Il y a des tragédies. Comme, en décembre dernier, celle de cette femme décédée 12 heures après son arrivée aux urgences de l’hôpital Lariboisière, à Paris. Et puis il y a le drame du quotidien : des services saturés, des équipes épuisées, et par conséquent des patients parfois mal pris en charge. Le projet de loi Santé, qui vient d’être présenté par la ministre Agnès Buzyn, contient quelques pistes pour désengorger les urgences. Entre alternatives existantes et réorganisation globale de l’offre médicale pour assurer la permanence des soins, le JT a consulté des spécialistes.
Le nombre de passages aux urgences a augmenté de 14 millions en 2002 à 21,4 millions en 2018, selon la Fédération des observatoires régionaux des urgences. Salles bondées, attente interminable, patients qui restent des nuits entières sur des civières… La qualité de la prise en charge en pâtit et les drames se répètent : « Aujourd’hui, on essaie juste d’éviter des morts sur les brancards », lance Christophe Prudhomme, porte-parole de l’Association des médecins-urgentistes de France (Amuf). Ce dernier témoigne d’une profession au bord de la crise de nerfs : « Ils n’en peuvent plus. À 35-40 ans, ils sont flingués. Et ils se sauvent tous des urgences à cause des conditions de travail indignes. » Ainsi, un quart des postes à temps plein ne sont pas pourvus.
« Aujourd’hui, on essaie juste d’éviter des morts sur les brancards »
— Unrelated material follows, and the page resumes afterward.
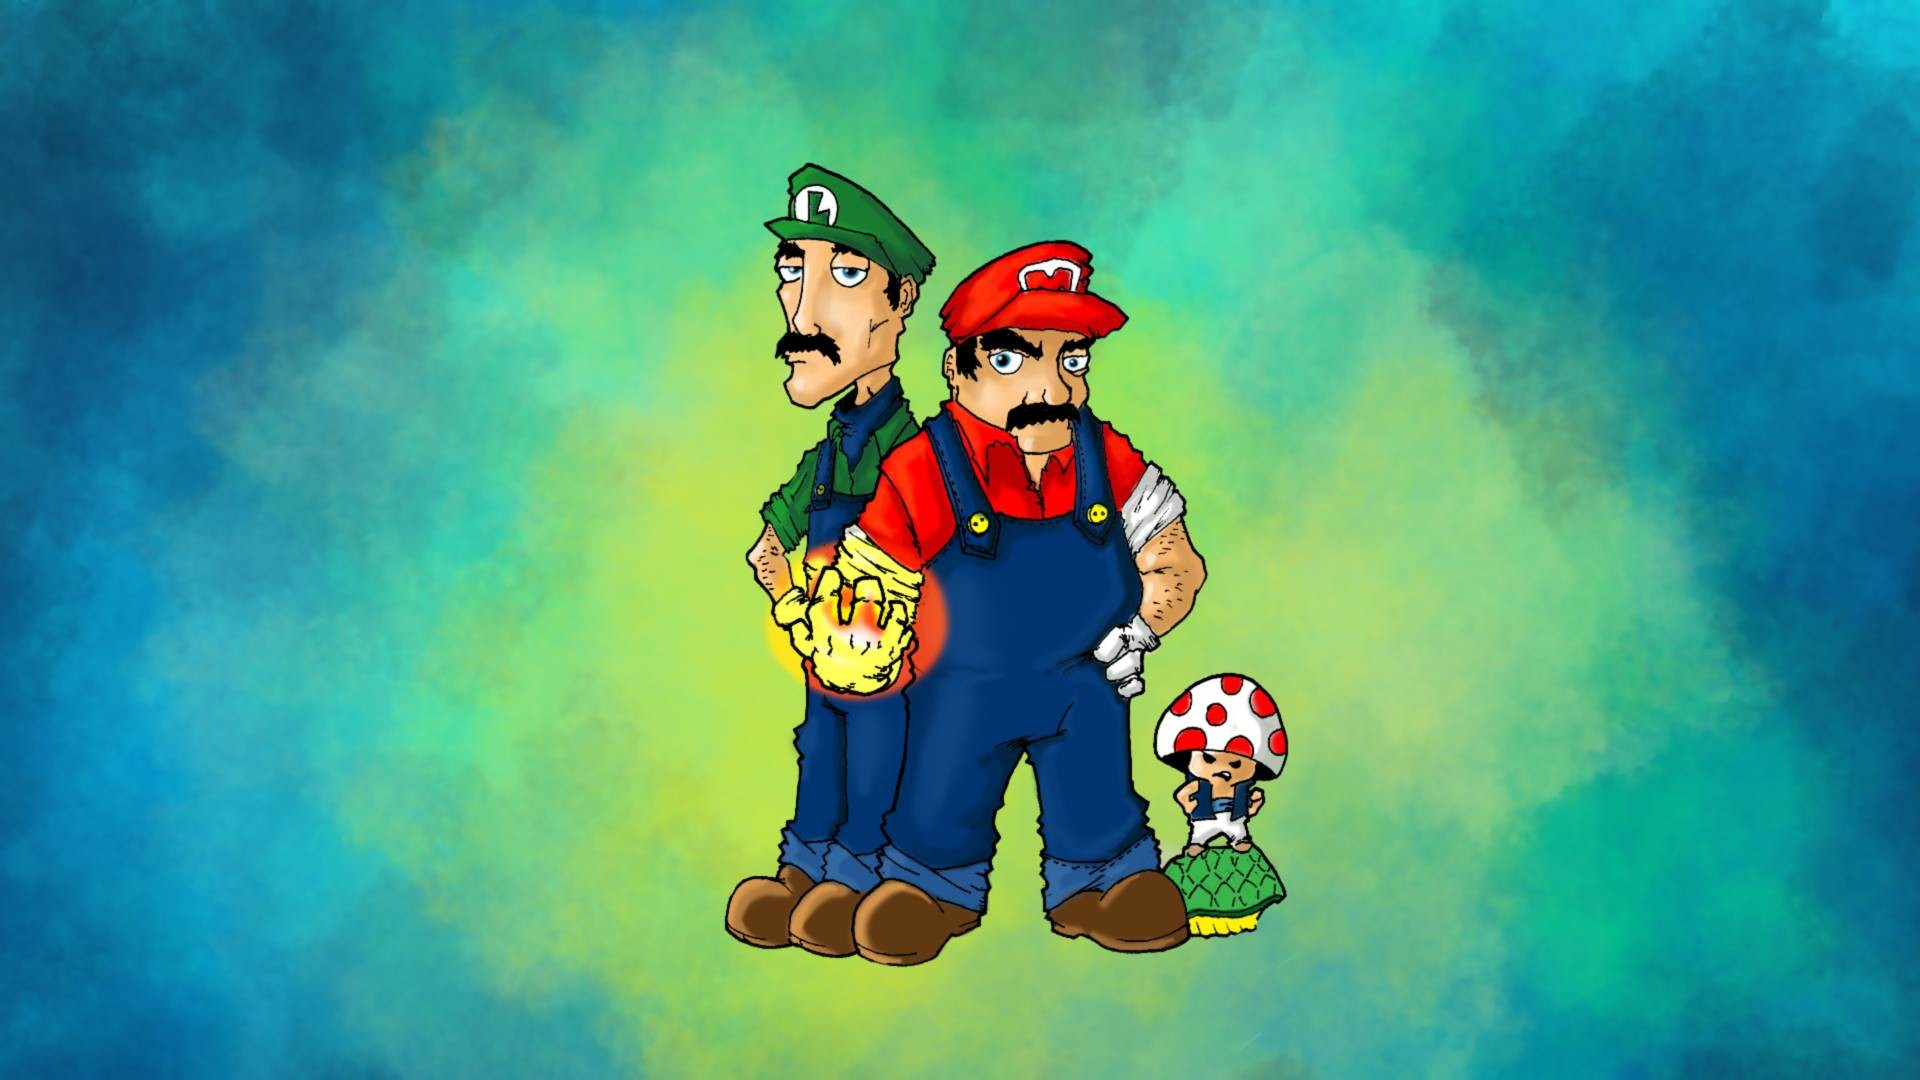 1920x1080 Luigi and Mario - Super Mario Wallpaper

Dans son dernier rapport annuel, la Cour des comptes rappelle que « ce système à bout de souffle » coûte cher, plus de 3 milliards d’euros par an à l’Assurance-maladie. Sachant qu’un passage aux urgences (sans hospitalisation) est tarifé 148 euros à la Sécurité sociale, alors qu’une visite à domicile l’est entre 84 et 104 euros. Les sages montrent du doigt la bobologie : « Il est permis de penser qu’environ 20 % des patients actuels des urgences ne devraient pas fréquenter ces structures. » Et regrettent que le système ne favorise pas l’orientation des cas les moins graves vers des médecins traitants.
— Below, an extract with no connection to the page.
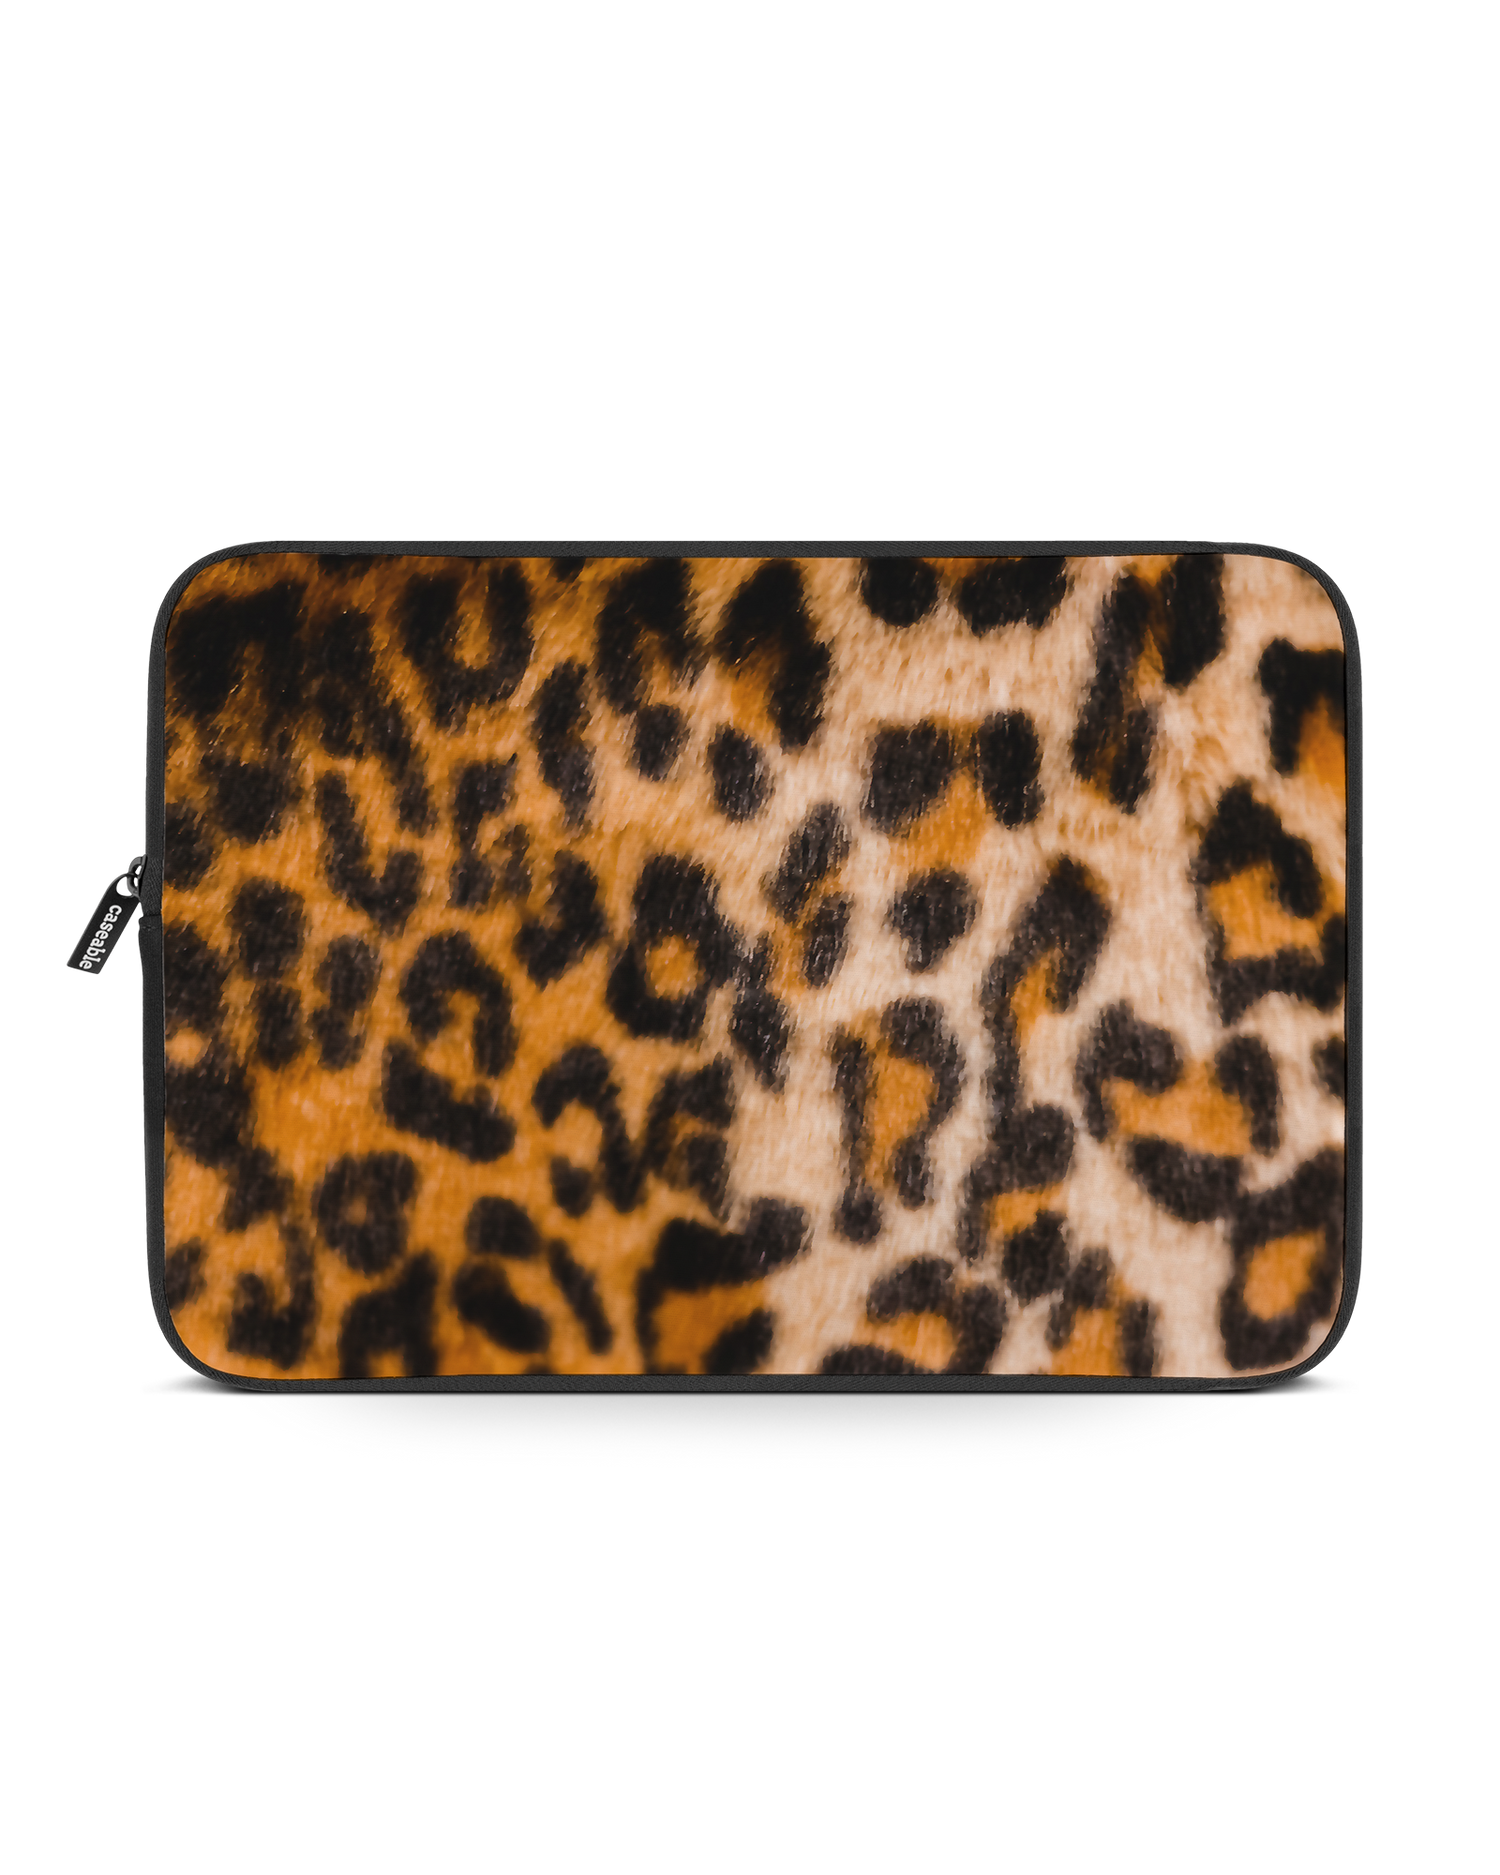 Leopard Pattern Laptop Case 15-16 inch: Front View

« Mais c’est justement parce qu’il n’y en a pas assez que les gens viennent aux urgences ! L’effondrement de la démographie médicale de ville est le nœud du problème », répond Christophe Prudhomme. Le nombre de généralistes ne cesse en effet de baisser — la France en a perdu plus de 10 000 en dix ans, selon le L’ordre des médecins — à mesure que celui des spécialistes augmente, « ce qui ne correspond nullement aux besoins de la population ». C’est à la fin des années 1990 que le manque a commencé à nettement se faire sentir, obligeant les médecins traitants déjà installés à prendre en charge de plus en plus de patients. Pour les soulager, le ministre de la Santé Jean-François Mattei a diminué, en 2003, le nombre de leurs gardes et astreintes : « Nous avions prévenu que cela risquait de faire exploser les urgences. Malheureusement, nous avions raison », déplore le porte-parole de l’Amuf.
« L’effondrement de la démographie médicale de ville est le nœud du problème »
Ce dernier pointe les incohérences du système de formation français, qui devrait accepter, selon lui, davantage d’étudiants : « Un quart des nouveaux médecins ont un diplôme obtenu à l’étranger… Ce sont les mêmes qui s’étaient fait jeter comme des malpropres de nos universités à cause du numerus clausus. » Et regrette les répercutions de la baisse du nombre de généralistes sur la santé d’une partie de la population, qui se retrouve aux urgences : « On voit arriver des gens dans un état très dégradé parce qu’ils ne consultent plus aucun médecin en ville depuis trop longtemps », témoigne Christophe Prudhomme, qui doute enfin de l’efficacité du plan santé 2022 d’Emmanuel Macron, craignant « des petites solutions concoctées par des experts trop loin du terrain ». « Alors qu’il faudrait remettre à plat l’ensemble du système », lance-t-il.